Serialization changes
Much easier than instruction gymnastics was taking a look at tweaks to the kOS code. The biggest issue at this point was that I only had 98 values in the arguments section (down from 147 at the start), but references to these arg were all 2 bytes long since the section itself was 673 bytes long. Switching to ordinal indexes rather than byte-offsets was a simple change that saves a bunch of space. (I also fixed the stack marker properly).
- args by ordinal instead of offset: 306 bytes
- duplicate stack markers: 0 (already fixed above)
File Size: 1394 bytes
Arguments: 98 in 673 bytes (6.8 avg)
Strings: 551 bytes
Label: 8 in 56 bytes
Magic: Args 1 Ops 33
Code: 347 ops w/ 306 args in 653 bytes
PUSH x150 300
CALL x31 93
PUSHSCOPE x14 42
RETURN x17 34
POPSCOPE x13 26
PUSHDELEGATERELOCATELATER x8 24
BRANCHFALSE x11 22
POP x20 20
Debug: 10 bytes
New Opcodes
At this point most of the low-hanging fruit had been addressed so gains slowed down. Still, there are plenty of common patterns that can benefit from smarter encoding in the instruction stream. One of the most obvious at this point was duplicate string values for essentially the same variable (x vs $x vs $x*). I addedPushVarandPushFunc` opcodes to generate the proper version of a given identifier without having to pollute the arguments table. Adding a PushStackMark variant also seemed reasonable as that saves a byte per function call. Speaking of function calls, as far as I can tell the first MLField of the Call instruction isn't actually used anymore. Furthermore, the "" calls don't really need a dummy marker value if they had their own dedicated instruction, so I added CallIndirect and CallDirect. I also stripped all decorators off the identifiers for call operations since they are re-added if missing by the Execute method anyway.
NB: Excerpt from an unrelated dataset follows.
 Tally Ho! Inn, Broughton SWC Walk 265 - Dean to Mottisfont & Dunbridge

- PushVar, PushFunc, PushStackMark: 31 bytes
- CallDirect, CallIndirect: 36 bytes
- Combined: 85 more bytes (lots of decorated symbols don't go away until both changes are made)
File Size: 1242 bytes
Arguments: 88 in 593 bytes (6.7 avg)
Strings: 472 bytes
Label: 8 in 56 bytes
Magic: Args 0 Ops 0
Code: 346 ops w/ 235 args in 581 bytes
PUSH x71 142
PushVar x38 76
CallDirect x25 50
PUSHSCOPE x14 42
RETURN x17 34
PushStackMark x33 33
POPSCOPE x13 26
PUSHDELEGATERELOCATELATER x8 24
BRANCHFALSE x11 22
POP x20 20
PushFunc x8 16
ADD x13 13
Debug: 10 bytes
Immediate Values
The next big thing cluttering the arguments table was constant values for various instructions. Most of these values are only used once and some are duplicated in the table since scope ids are shorts while branch offsets and return depth are integers which prevents them from de-duping. Branch offsets are typically small signed values so I added BranchIfFalseImm, BranchIfTrueImm, and JumpImm to use a signed-byte after the opcode to store the destination offset when possible. Scope IDs and return depth are usually small non-negative numbers so I did something similar with PushScopeImm, PopScopeImm, and ReturnImm using an unsigned byte in these cases.
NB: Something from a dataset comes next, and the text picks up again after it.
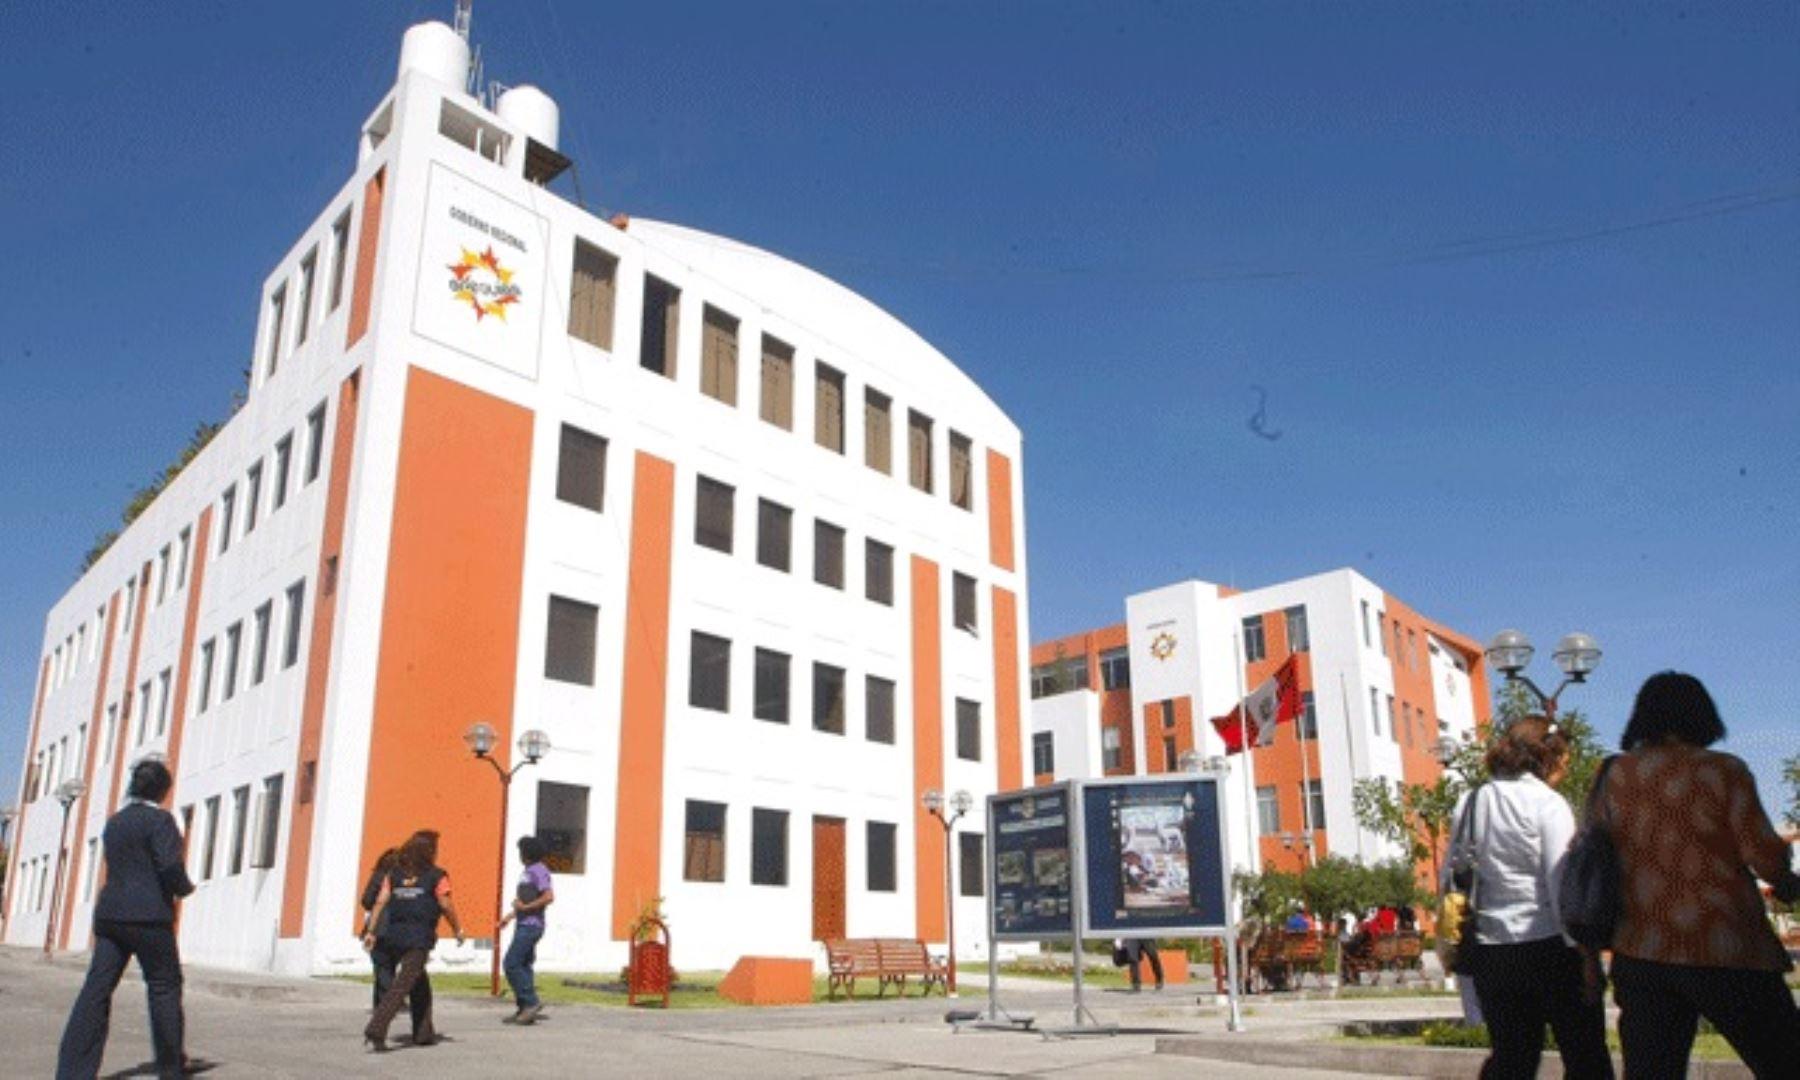 Elección de gobernador regional de Arequipa se definirá en segunda vuelta, revela la ODPE Arequipa. ANDINA

- BranchIfFalseImm, BranchIfTrueImm, JumpImm: 55 bytes
- PushScopeImm, PopScopeImm, ReturnImm: 45
File Size: 1142 bytes
Arguments: 62 in 493 bytes (7.9 avg)
Strings: 472 bytes
Label: 8 in 56 bytes
Magic: Args 0 Ops 0
Code: 346 ops w/ 158 args in 581 bytes
PUSH x71 142
PushVar x38 76
CallDirect x25 50
PushScopeImm x14 42
ReturnImm x17 34
PushStackMark x33 33
PopScopeImm x13 26
PUSHDELEGATERELOCATELATER x8 24
BranchIfFalseImm x11 22
POP x20 20
PushFunc x8 16
ADD x13 13
Debug: 10 bytes
Immediate Labels
At this point there were still a few labels left in PUSHDELEGATERELOCATELATER instructions. Really these aren't much different from relative jump offsets, but since they cross code block CodePart boundaries I decided to use an absolute instruction offset in the ksm file for the immediate version (using a UInt16). I also baked the WithClosure flag into the instructions themselves. Finally, I changed the starting "previousLabel" value to "@0000" to make the first "LABELRESET" opcode unnecessary in most cases.
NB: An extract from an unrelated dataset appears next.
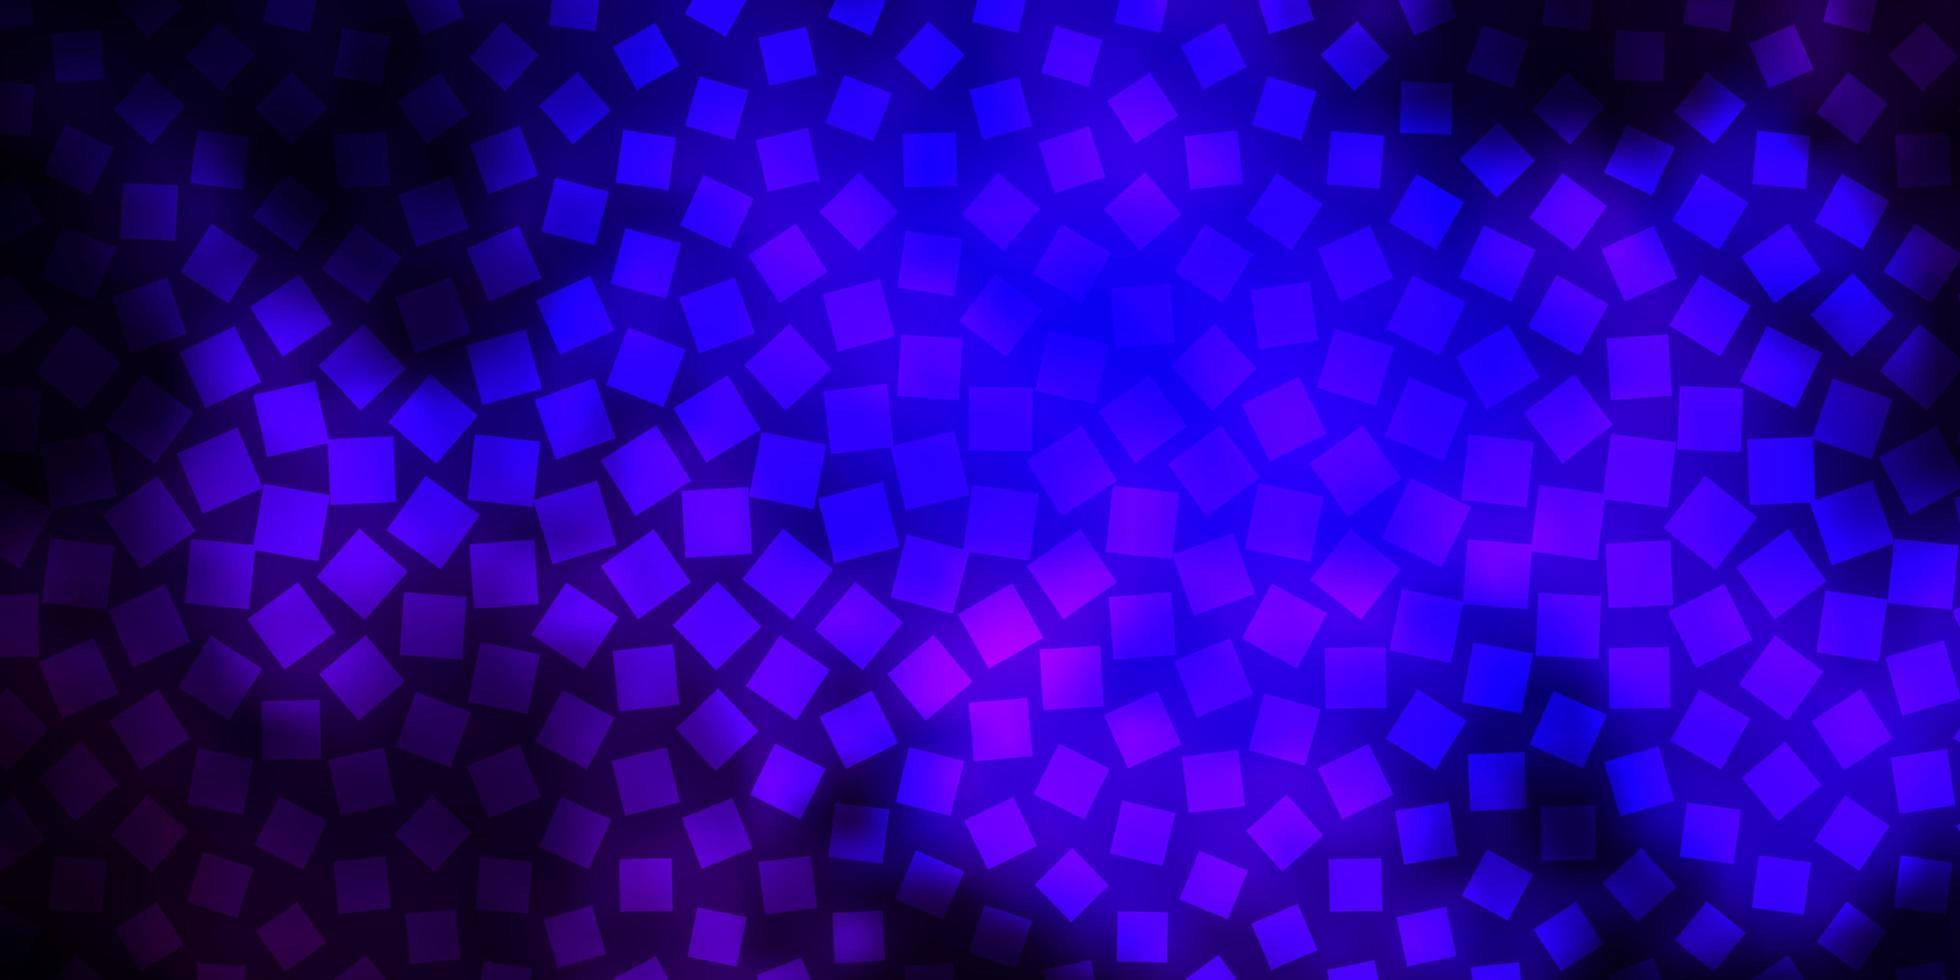 mörkrosa, blå vektorbakgrund med rektanglar. vektor

- PushRelocateImm, PushRelocateDelCaptureImm, PushRelocateDelImm: 47 bytes
- implicit start label: 9 bytes
File Size: 1086 bytes
Arguments: 54 in 437 bytes (8.0 avg)
Strings: 416 bytes
Label: 0 in 0 bytes
Magic: Args 0 Ops 0
Code: 346 ops w/ 142 args in 581 bytes
PUSH x71 142
PushVar x38 76
CallDirect x25 50
PushScopeImm x14 42
ReturnImm x17 34
PushArgBottom x33 33
PopScopeImm x13 26
PushRelocateDelCaptureImm x8 24
BranchIfFalseImm x11 22
POP x20 20
PushFunc x8 16
ADD x13 13
STORELOCAL x11 11
Debug: 10 bytes
(These were the only instructions that I didn't fully implement since they require translation. The rest have proper Execute methods and should in theory just work, though I was focused on what's possible in a .ksm file and didn't try to run any of the modified versions)
Ideas
- Debug info really bloats the files. Having that info is certainly valuable, but maybe that's something that could live in a separate file on the archive, especially now that we have folders? Compiling could generate a separate .kdb file with full line/column info and maybe even the source text and stick it in a 0:/debug/ folder. The .ksm file could include a file hash linking back to the .kdb for internal error message generation. I'd argue this is also more realistic since NASA isn't going to include debug symbols on it's probes. If something goes wrong we'll send a memory dump back to earth and decode the error there.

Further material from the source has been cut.